Took the words out my mouth....BUT wit the chrome I guessss the Alteezas kinda go with it


----------



## Ninety-Nine SE-L (May 5, 2002)

here's my view. 

>The Chrome rims are o.k. (at least they aren't chrome hubcaps like I've seen before). 
>What's wrong with autos? x-cept for us having no torque.
>I have nothing against altezzas
>The bra is covering up the beauty
>the carpet dash cover is a no no
>good job on the euro style wiper
>looks like you painted the gauge bezel white. looks good from what I can see. You might want to think about doing the center radio piece like that too instead of the wood. The car is nice over all, but you have too many themes going on. best bet is to calm down on stuff you can get at pep boys.

peace.


----------



## Guest (Aug 5, 2002)

yeah true dat.. 




1997 GA16DE said:


> *here's my view.
> 
> >The Chrome rims are o.k. (at least they aren't chrome hubcaps like I've seen before).
> >What's wrong with autos? x-cept for us having no torque.
> ...


----------



## 99.se.ltd (Jun 21, 2002)

eww.
you have horrible tastes.
you have the crappiest products ever made for our cars, on your car. good going buddy. what do people around you think about it tho?

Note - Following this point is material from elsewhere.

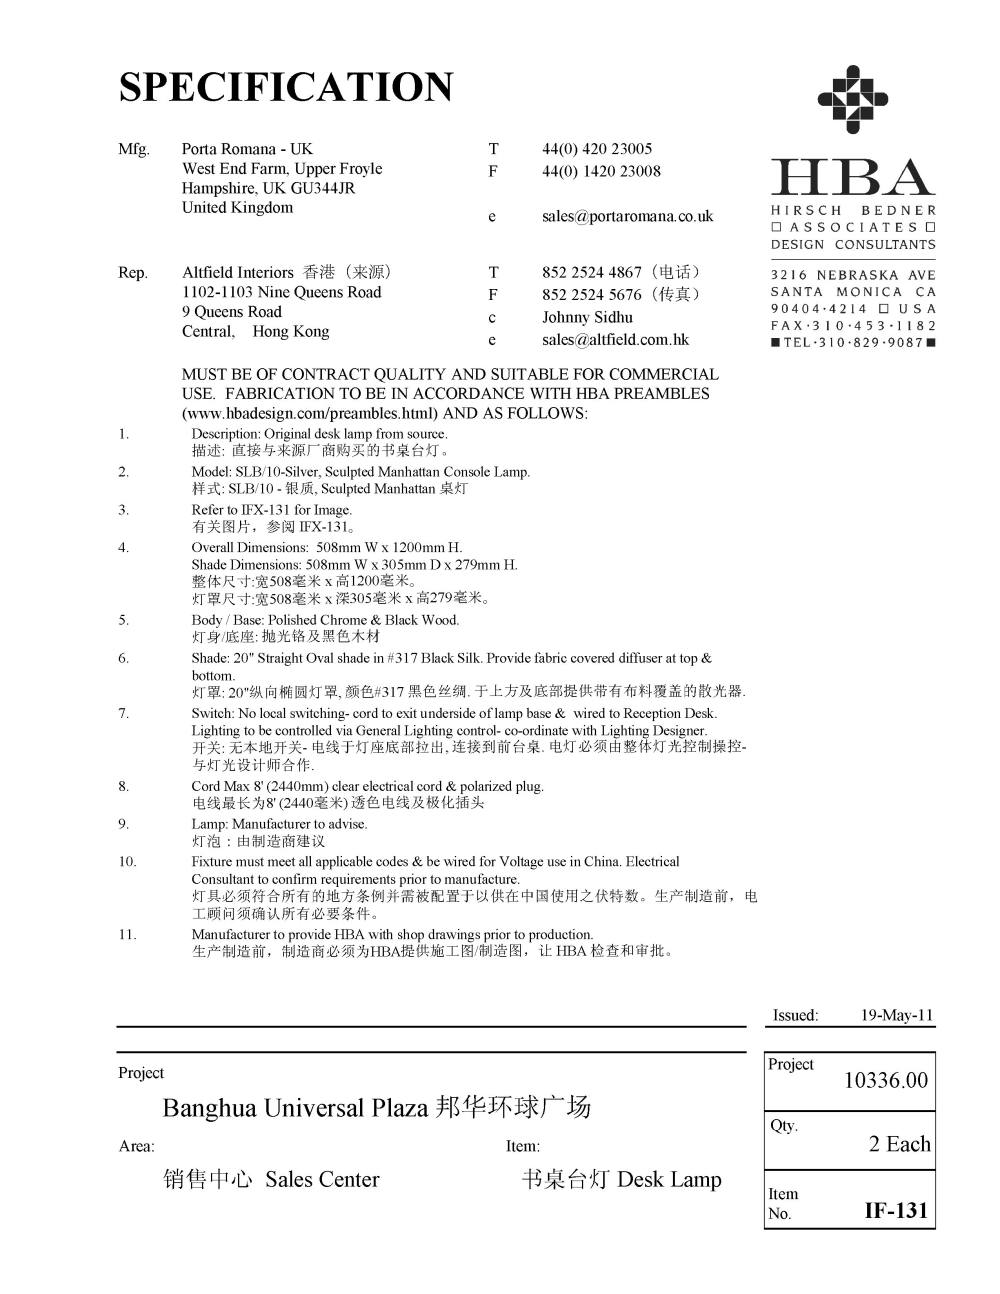 HBA新作——广州邦华环球广场销售中心（资料补充）_家具设计说明书_页面_55.jpg

wood trim, painted bezel, altezza's, one wiper, full front bra, homie chromies, four foglights. mmmmm
i know your going for all show, but what shows are you going to??


----------



## sentra94xe (May 6, 2002)

Let's keep the slew of negative comments for PM or email. Anyone that has the gall to post pics of their car deserves some credit.


----------



## 99.se.ltd (Jun 21, 2002)

sentra94xe said:


> *Let's keep the slew of negative comments for PM or email. Anyone that has the gall to post pics of their car deserves some credit. *


no, nobody has to save negative comments to pm or email him. he said "let me know what you guys think". we're telling him what we think. i'm sure he doesn't care about the negative comments, it's his car, and his money. when you ask what people think, do you really think you'll only get praise?


----------



## Sentra GTR-1 (Aug 2, 2002)

*yeah lets keep the love in not out in the Nissan family*

Yeah guys......the real enemy is honda not making comments among ourselves. I agree Im not a fan of altezzas either but hell he drives a Nissan and not a Honda so hes got my respect. We need to help each other and keep the Nissan people together ya know?


----------



## ScarCrow28 (May 14, 2002)

but we still need to keep our selves in line so we don' t end up as discombobulated as the honda kids.


----------



## Gimp (Jun 9, 2002)

Hey, to each their own. If you guys like it, tell him. If you don't like it, tell him. BUT be a little more classy about it.


----------



## nitestridar (Jun 29, 2002)

nice ride.....its all about what a person thinks looks good....
i know what other people think counts but i think i really care more about how i think my car looks....

Thats what makes people diffrent!!!!! Everyone has their own taste...& opinion...


----------